Extra-renal manifestation

Liver cysts are the most common extra-renal manifestation. They occur in about 80% of patients with ADPKD who are older than 35 years [26]. Severe liver cysts are more common in women and are related to exogenous estrogen use and multiple pregnancies, but the exact mechanism of liver cyst enlargement is not known [26- 28]. However, after the age of 48 years, 58% of females with severe PLD had regression of height-adjusted total liver volume (htTLV), while htTLV continued to increase in males [27].

Intracranial aneurysm (ICAN) is found in about 9% to 12% of patients, with four times higher prevalence than that of the general population [1,29,30]. The prevalence of ICAN is higher in patients with a positive family history of hemorrhagic stroke or ICAN (21.6%) than in those with negative family history of hemorrhagic stroke or ICAN (11.0%; relative risk, 1.968) [30].

Other extra-renal manifestations of ADPKD found frequently, include cysts in other organs (e.g., pancreas, seminal vesicles, and ovaries), valvular diseases, aneurysm of arteries, and colonic diverticulum.

The ADPKD sub-cohort of KNOW-CKD showed that 77.5% of patients had liver cysts, 12.3% of patients had unruptured ICAN, 1.4% of patients had intracranial hemorrhage, and 1.4% of patients had subarachnoid hemorrhage [23]. Lee et al. [24] reported that among 166 patients 58% had liver cysts and 15% had heart valve insufficiency, and 8.4% had cerebral hemorrhage or infarction. Hwang et al. [25] reported that among 34 patients who reached ESKD, 85% had liver cysts and 16% had stroke (Table 1).
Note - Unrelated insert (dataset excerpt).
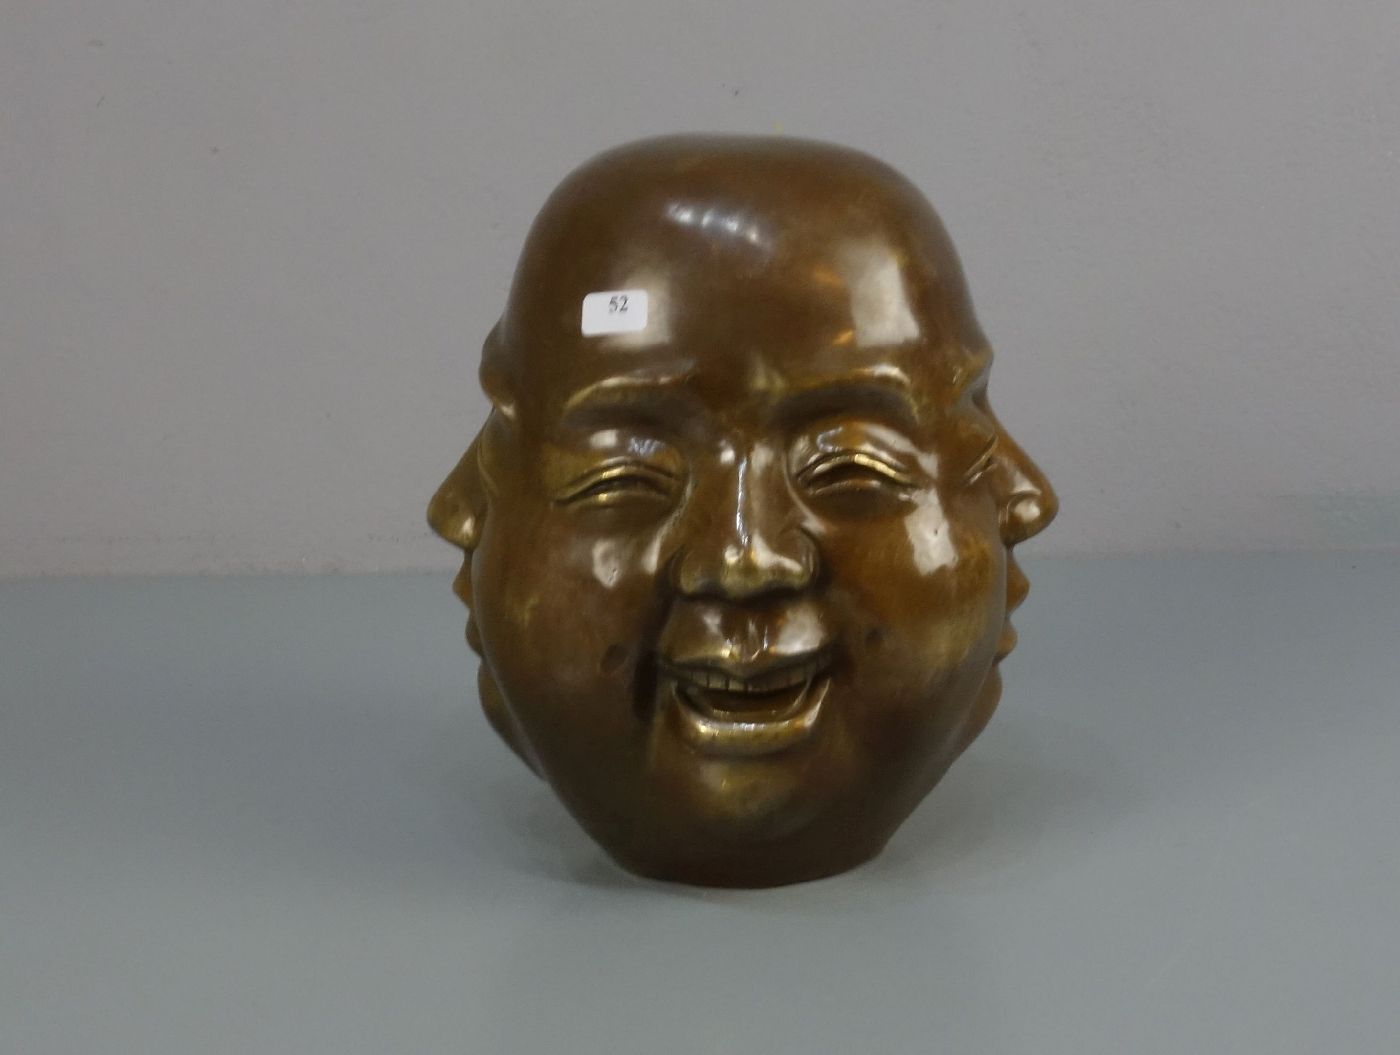 CHINESISCHER BILDHAUER des 20. Jh., Skulptur / sculpture: "Kopf mit vier Gesichtern", Bronze,

ADPKD can present a variety of kidney and extra-renal manifestations and the incidence of these manifestations is variable. The clinical manifestations of Korean ADPKD patients are not different from previously reported patterns in other countries.

DIAGNOSIS

Ultrasonography is used as an initial test in the diagnosis of ADPKD because of its widespread availability, low cost, and safety. Diagnosis using ultrasonography follows unified criteria proposed in 2009. Revised unified criteria can clinically diagnose ADPKD if patients have a family history regardless of genotype and the number of kidney cysts meets the following criteria. The presence of three or more (unilateral or bilateral) kidney cysts is sufficient to establish a diagnosis in individuals aged 15 to 39 years, two or more cysts in each kidney is sufficient for individuals aged 40 to 59 years, and four or more cysts in each kidney is required for individuals age 60 and older [31]. However, it is difficult to detect cysts as small as 2 to 3 mm in diameter with ultrasonography, unless it is performed by an experienced operator. Magnetic resonance image (MRI) or CT with contrast can detect cysts as small as 2 to 3 mm in diameter. According to Pei et al. [32], MRI can diagnose ADPKD with a sensitivity and specificity of 100% using a total of > 10 cysts as a test criterion in subjects who are at risk of ADPKD aged 16 to 29 years. Similar results were obtained in test subjects between the ages of 30 and 40 years old. Less than five cysts can be considered sufficient for disease exclusion [32]. Since the diagnostic criteria using images were developed in patients who had a family history of ADPKD, it is not sufficient to diagnose patients without a family history [31,32]. Therefore, genetic testing may be necessary for patients who do not have a family history but need to confirm a diagnosis of ADPKD. Young individuals under 40 years old who have a family history of ADPKD and want to donate kidneys also require genetic testing.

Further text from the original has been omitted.